1. append men and women's data, then merge this with HIV test results for a specific year;
2. repeat the same for the next year,
3. append data of year1, year2, year3;
4. Then finally, pool all these data together to create a dataset for all countries, for all years for which they HIV data.


I have already:
a) selected a subset of variables I needed to be sure they are consistent across countries, and years; including the various survey-specific variables - stratum, psu, etc
(b) renamed the male variables, from mv* to v*;
(c) dumped all the datasets (men, women, HIV) into one main datafile, that I will use as my working directory.


Here is the process I have outlined, and I will appreciate some comments and suggestions:


/* sort Kenya2003 women's data by key variables */

use Kenya2003_Individual.data, clear
sort v001 v002 v003
save Kenya2003_women1.dta, replace

/* sort Kenya2003 men's data by key variables - note, variables already renamed from mv* to v* */
use Kenya2003_male.dta, clear
sort v001 v002 v003
save Kenya2003_male1.dta, replace

/* call Kenya2003 HIV data, rename key variables, then sort */
use Kenya2003_HIV.dta
ren hivclust v001
ren hivnumb v002
ren hivline v003
sort v001 v002 v003
save Kenya2003_HIV1.dta, replace

/* Append Kenya2003 men to women */
use Kenya2003_women1.dta, clear
append using Kenya2003_male1.dta
save KenyaWomenMen.dta, replace

/* Merge HIV data into the combined Kenya 2003 men and women file */
use KenyaWomenMen.dta, clear
sort v001 v002 v003
merge merge v001 v002 v003 using Kenya2003_HIV1.dta
save Kenya2003_HIV_MenWomen.data, replace.

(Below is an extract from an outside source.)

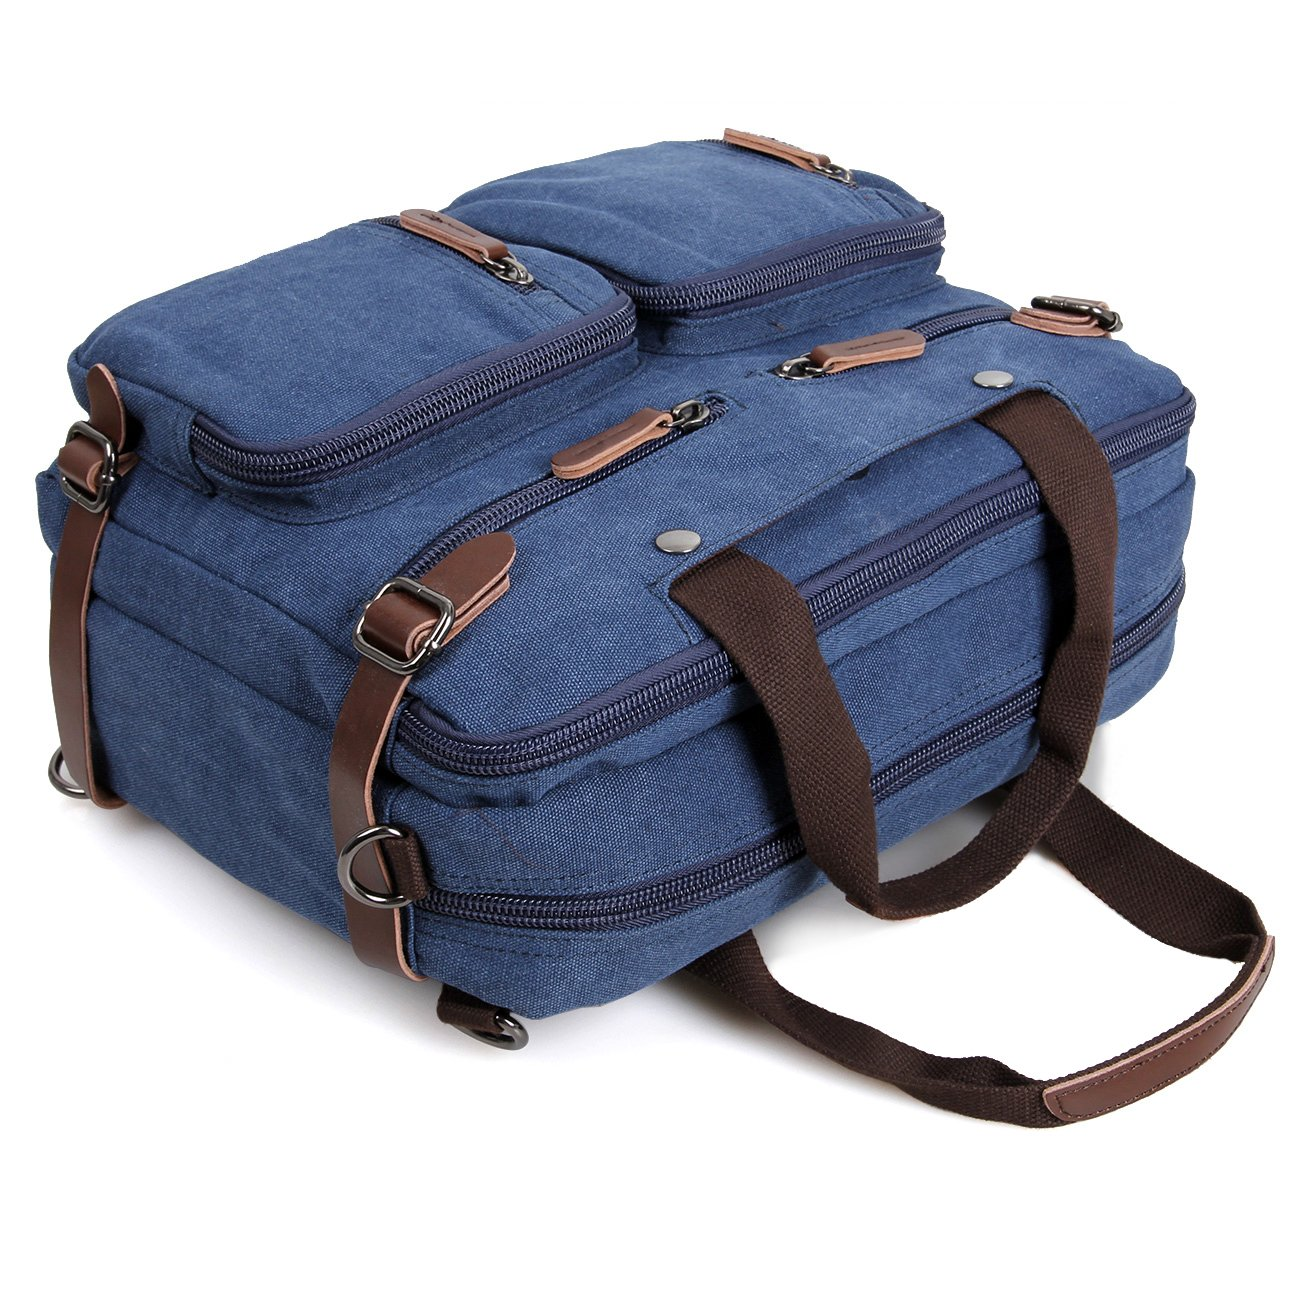 Clean Vintage Laptop Bag Hybrid Backpack Messenger Bag/Convertible Briefcase Backpack Satchel for Men Women- BookBag Rucksack Daypack-Waxed Canvas Leather, Blue by Clean Vintage (Image #9)

/* Repeat same steps to create Kenya2008_HIV_MenWomen.data */
use Kenya2003_HIV_MenWomen.dta
append using Kenya2008_HIV_MenWomen.dta
save Kenya2003-2008_MenWomenHIV.dta, replace

Cycle the same process through all countries. At the end, append, country datasets to each other.

Questions:

1. Assuming everything is correct, how do I handle the psu, stratum, etc variables needed to create my svyset? Do I do this for each dataset (within a country, within a specific year) or wait until the end, and create a grouping variable to do this?

2. Any other advice to help / facilitate this process?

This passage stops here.